The key here is that you can use a tool like Jenkins combined with Containers to entirely eliminate the need for any of these unique physical or virtual environments. Instead you will build an image from a dockerfile in the initial setup of the pipeline, and then push this image to the image registry upon successful completion of the pipeline stages. The image is entirely rebuilt on each new run of the pipeline.

This concept is central to the approach being used by more modern Kubernetes-centric DevOps Pipeline tools like JenkinsX and Tekton. Tekton is an open-source framework for building CI/CD tools and processes. The steps (and constituent tasks) of a pipeline in Tekton all run as Pods in Kubernetes. JenkinsX is built on Tekton and gives you full GitOps and pipeline automation implementation. However, the output of these is always an image that has been constructed through the steps in the pipeline.

This approach will fix the problem of reintroducing errors into later environments by entirely removing manual configuration changes from the process. In this approach you can’t change the configuration of an image either intentionally or accidently within a single stage – you have to introduce any configuration changes into the Container build process at the very beginning and then let the changes propagate through the entire build pipeline.
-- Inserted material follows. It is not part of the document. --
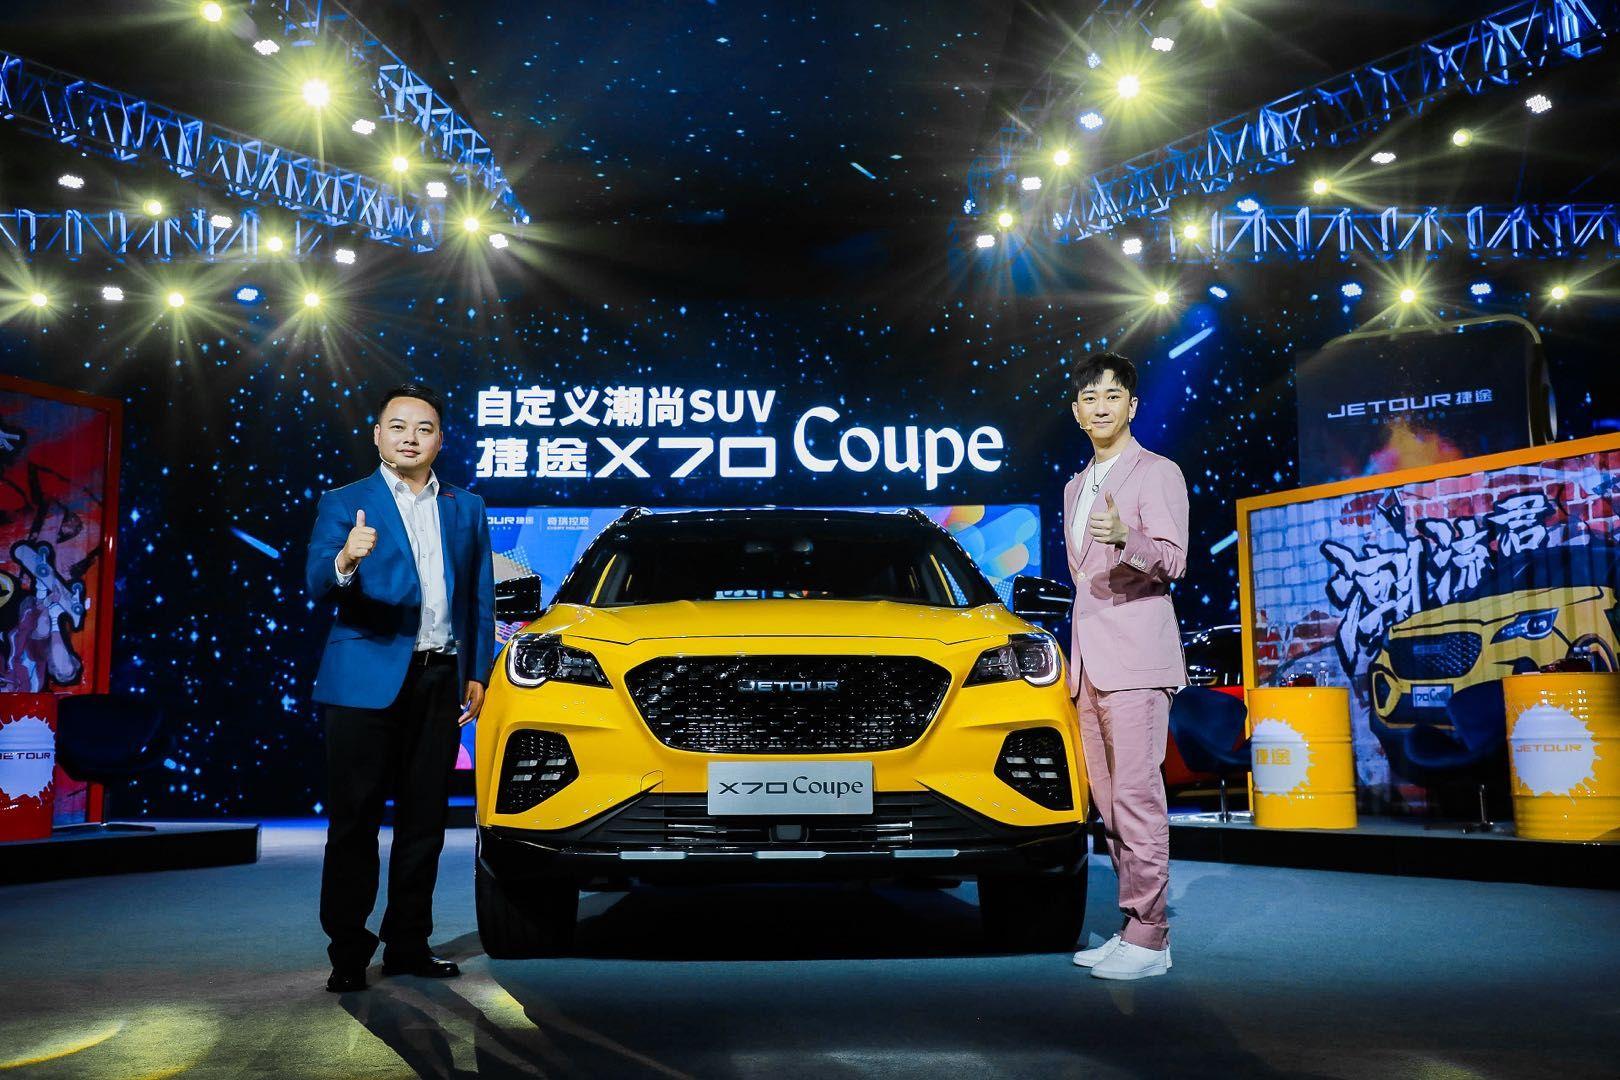 捷途X70 Coupe上市,10.99万元起售图片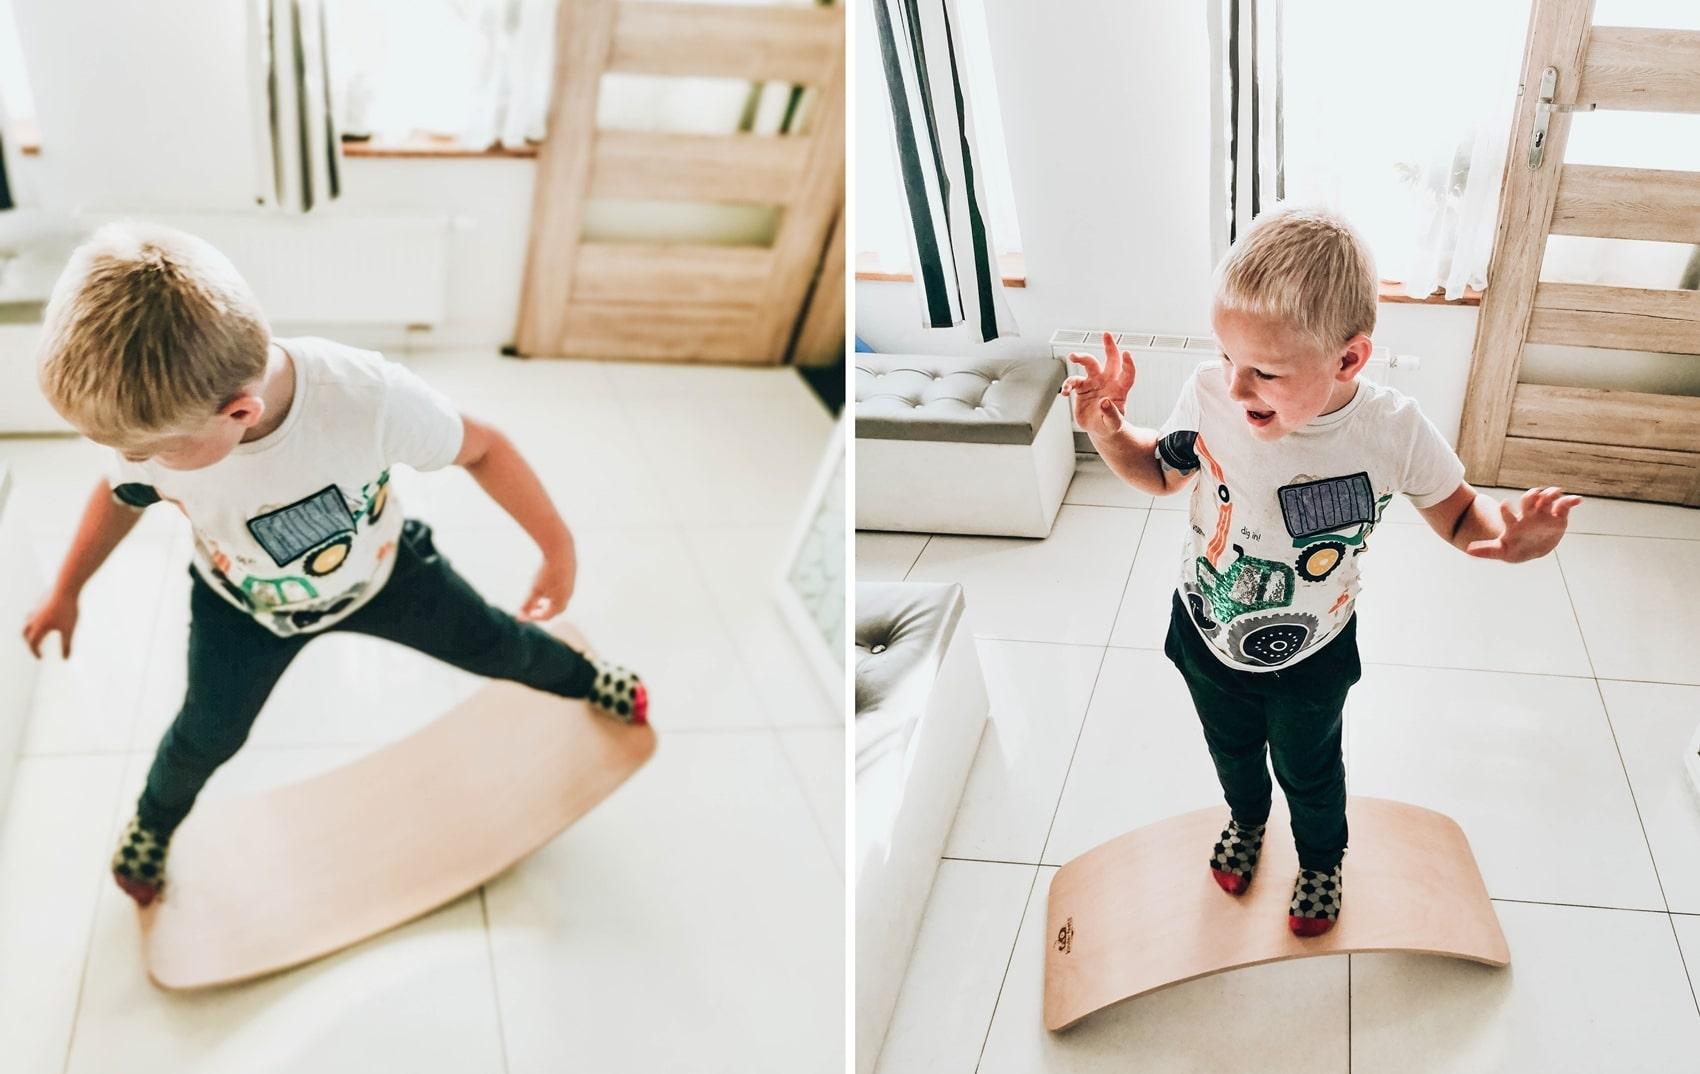 cwiczenia-rozwojowe-dla-dziecka.jpg

So for instance, let’s consider the simple case of changing the version of a Java runtime environment (JRE). In a traditional approach, with separate physical or virtual machines for each development lifecycle stage, updating this configuration would require changing each environment separately, either manually or through a scripted infrastructure-as-code tool such as Chef or Puppet. In the Container approach, you would change the dockerfile once to include the new definition, and then re-run the pipeline to repeat all the automated steps from the beginning – creating a new, immutable image at the end.

This pattern is well established as a best practice within the Docker community. For instance, the Docker documentation article on Development Pipelines describes a recommended development pipeline very much in line with the recommendations of this pattern. Likewise the IBM article on Kubernetes DevOps is just one of several examples of such pipelines being built for container projects.

At the heart of this pipeline will be the problem of dealing with images appropriately. The first issue to consider with publicly hosted images is that since they are coming from a public repository that they could, potentially, contain malware or other issues that would introduce vulnerability into your system. Thus the need for Pipeline Vulnerability Scanning becomes absolutely critical. This results in the need to introduce special stages. such as a Birthing Pool into your Pipeline in order to make sure that you are into introducing new types of vulnerabilities into your systems.